Deadbeat Parents Punishment Act

by: Maury Beaulier, Attorney.

Elements of Offense
In order to convict a defendant accused of violation the Dead Beat Parents Punishment Act, the United States must prove that the defendant:
1. Had the ability to pay,
2. Willfully failed to pay,
3. A known and past due child support obligation,
4. Which has remained unpaid for longer than one year
OR is an amount greater than $5,000,
5. For a child who resides in a different state than the defendant.

Clarifications of the Law
Federal statutes and subsequent case law have helped to define some of the key terms of the statute.

What is Past Due Child Support?
The CSRA federal statute specifically defines a "past due support obligation" as any amount determined by a court order or an order under an established administrative procedure of any state which finds child support due from a person to a child or a person with whom a child is living; and the obligation has remained unpaid for a period longer than one year, or is greater than $5,000. 18 U.S.C. § 228(d)(1).

What does it mean to be Willful?
There is no clear definition of "willful" under the DPPA. However, a good barometer of willfulness may be found under federal criminal tax law. For criminal tax cases, willfulness is a " knowing and intentional violation of a known legal duty." Cheek v. United States, 111 S.Ct. 604, 610 (1991). It is important to recognize that willfulness cannot be presumed from non-payment by the defendant alone. The prosecution has burden to prove beyond a reasonable doubt that any failure to pay child support is willful at the time the child support was due to the custodial parent AND the defendant had sufficient money to pay the child support obligation or that any lack of funds was caused by a voluntary and intentional act of the defendant without justification in view of all the financial circumstances of the case.

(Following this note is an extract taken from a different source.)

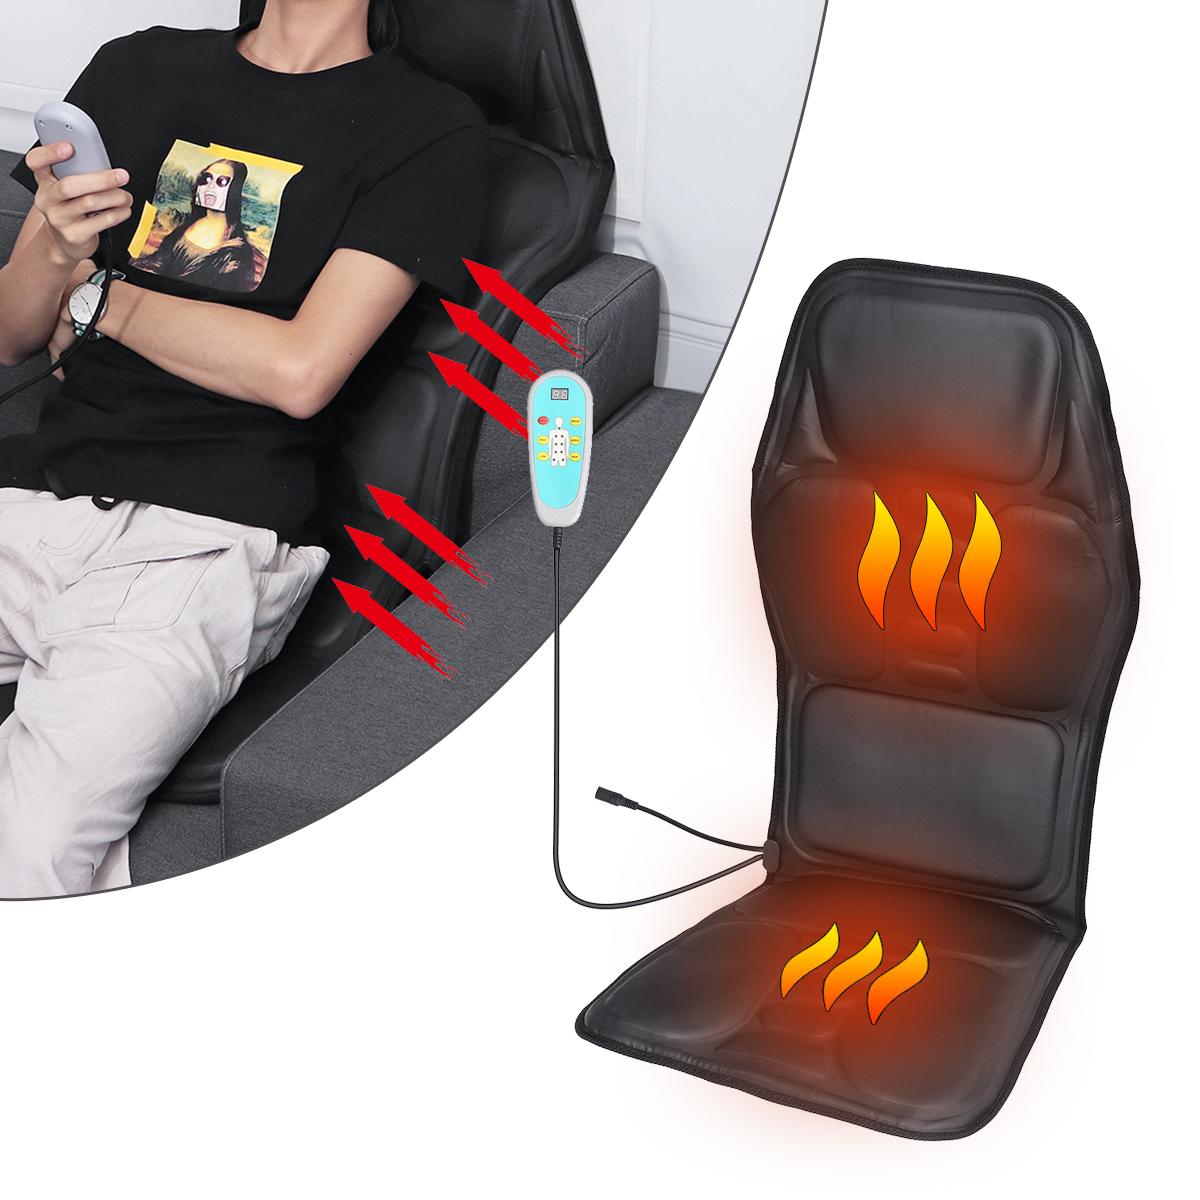 Autositz Leder Sitzauflage Vibration Körper Massage 9 Massage Zone 5 Stärke Heiz

H.Rep. No. 102-771, 102nd Cong., 2d Sess., at 6.

What if partial payments have been made?
Even if partial payments have been made by a defendant, he/she may still be convicted under the DPPA since that statute defines a " past due support obligation" as "any amount" that is due and owing. A partial payment, however, may be relevant to a defendant's ability or inability to pay support. In fact, if full payment is made before the prosecution concludes, it does not obviate the offense since the willful intent not to pay support and the act of not paying when due has already occurred.

Where is the Case Heard?
The location where the case is heard is called the "venue." The venue for a prosecution under the DPPA may occur in one of two federal court districts:

To date Department of Justice has filed most cases in the district where the child resides.

When is the DPPA Usually Applied?
General guidelines have been set out for U.S. attorneys regarding when to prosecute a defendant for a non-payment of child support. Although these guidelines will not invalidate a qualifying prosecution under the statute that does not comply with the guidelines, it provides a barometer of when to expect a prosecution to occur. First, U.S. attorneys are recommended to accept only cases where all reasonable available remedies have been exhausted. That does not mean that a state prosecution must occur first. It simply means that the U.S. attorney must come to a subjective conclusion based on past history of the case and past conduct of the defendant that other efforts would most likely prove futile.